У Гизи была лопата в руках; она шла, подбрасывая лопатой снег, и вдруг сказала:
– Wollen wir ein Haus bauen. (To есть: «Давай строить дом».)
– Давай! – сказал я, побежал домой и принес лопату.
И мы стали строить из снега дом. Снегу было много, повсюду во дворе сыпал снег и лежал слой снега, а по краям еще и стояли сугробы. Мы выбрали большой сугроб и стали его обрабатывать.
Липкий снег хорошо обрабатывается. Из него можно высокую башню построить, и она не развалится.
Но мы строили не башню. Мы строили такой эскимосский дом, в котором на Севере эскимосы живут, – я в книге видел. В таком доме даже тепло, даром что он из снега. Гизи тоже слышала про эскимосские дома. Оказывается, эскимосы в Германии известны.
Гизи сказала, что мы будем два эскимоса: муж и жена. Только это секрет. Чтоб никто не знал. И я согласился. Мы стали быстро строить. Работы хватало! Гизи обрабатывала стены и крышу, а я в сугроб вкапывался. Чтоб можно было влезать. А то что это за дом, если в него нельзя влезать!
Ляпкин сошел со своих лыж, взял их под мышку и подошел к нам – смотреть, как мы строим. Он смотрел и сопел.
– Я тоже хочу делать дом, – сказал вдруг Ляпкин.
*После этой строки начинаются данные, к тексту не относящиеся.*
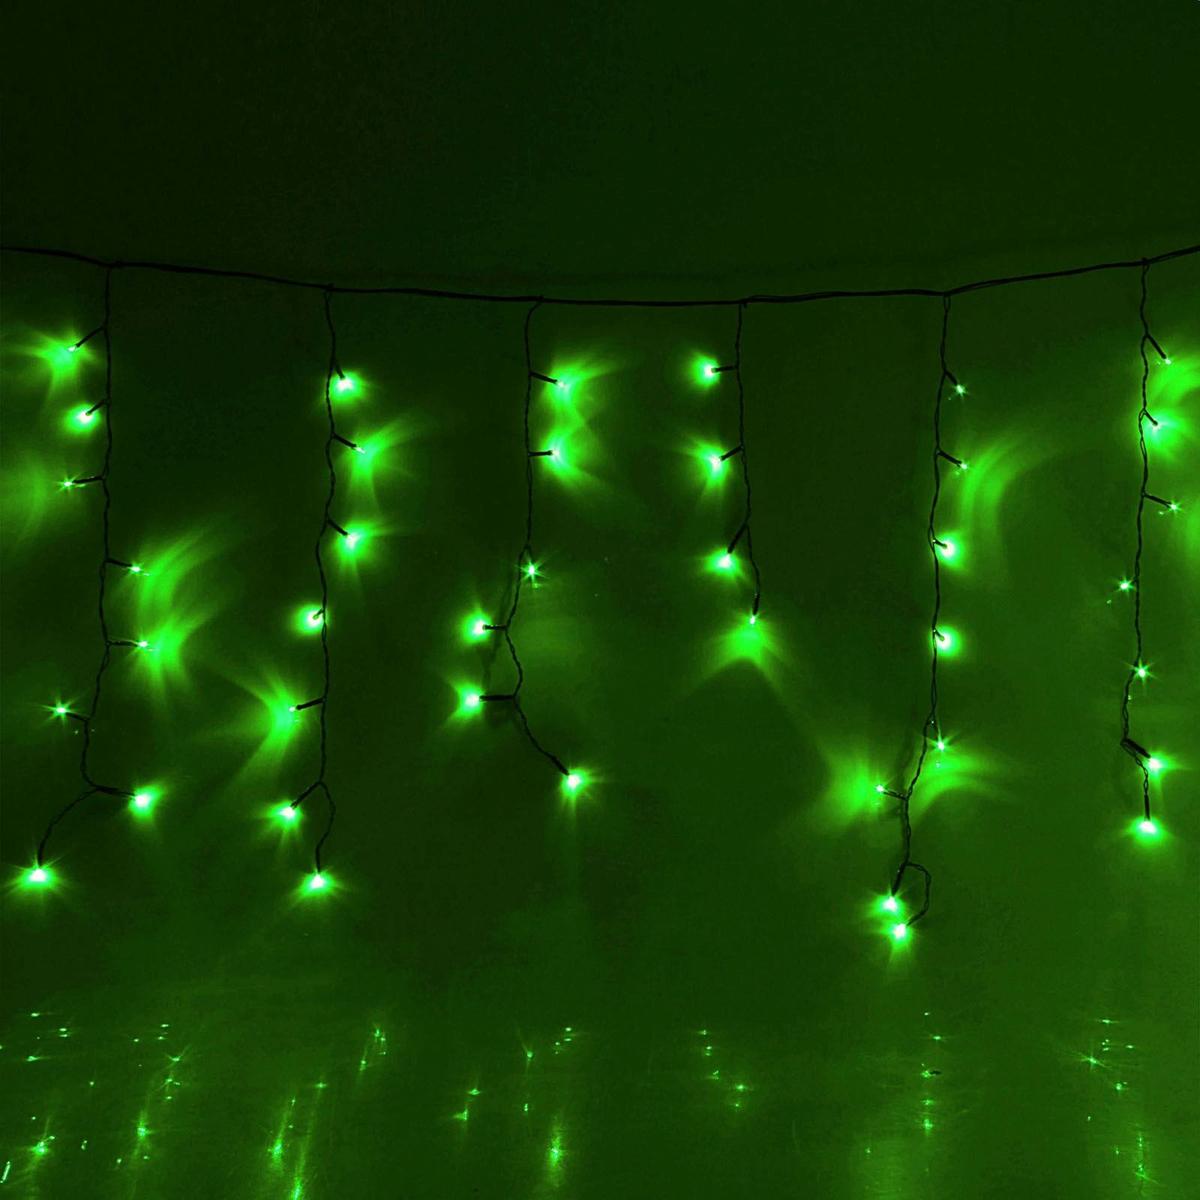 Гирлянда светодиодная Luazon Бахрома, уличная, 8 режимов, 60 ламп, 220V, цвет: зеленый, 1 х 0,6 м. 1872524670025840941Светодиодные гирлянды, ленты и т.д — это отличный вариант для новогоднего оформления интерьера или фасада. С их помощью помещение любого размера можно превратить в праздничный зал, а внешние элементы зданий, украшенные ими, мгновенно станут напоминать очертания сказочного дворца. Такие украшения создают ауру предвкушения чуда. Деревья, фасады, витрины, окна и арки будто специально созданы, чтобы вы украсили их светящимися нитями.
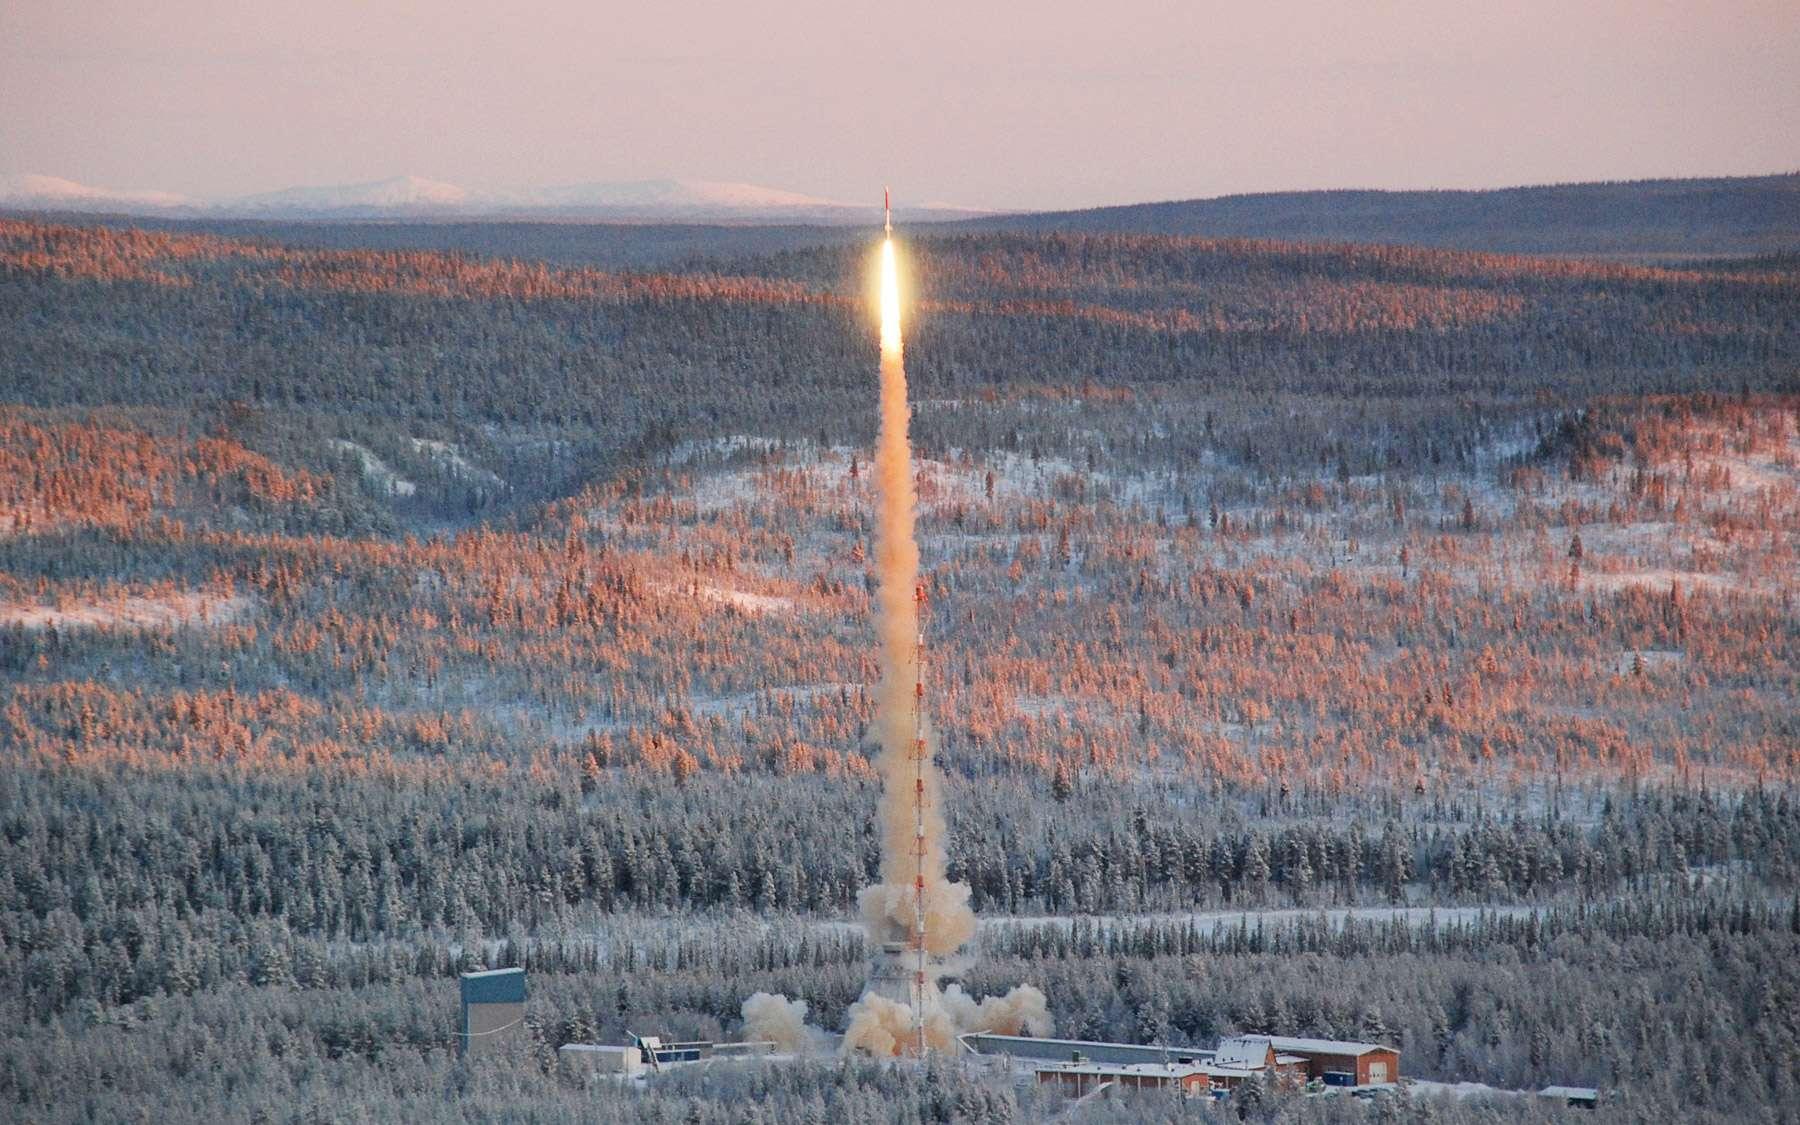 Décollage de la fusée sonde Texus que l'Esa utilise depuis plusieurs années pour réaliser des expériences en gravité ou tester de nouvelles technologies. © DLR/Thilo Kranz

– Ты не сможешь! – возразил я. – И у тебя лопаты нет!
– Я буду лыжей копать!
– Не сможешь ты лыжей копать!
И Ляпкин стал совсем грустный.
Я объяснил Гизи, чего он хочет, и Гизи сказала:
– Пусть!
Пусть он будет наш сын. И копает с нами. У эскимосов дети всегда с родителями копают.
Я не очень хотел, чтоб он был наш сын, но уж ладно. Раз Гизи так хочет.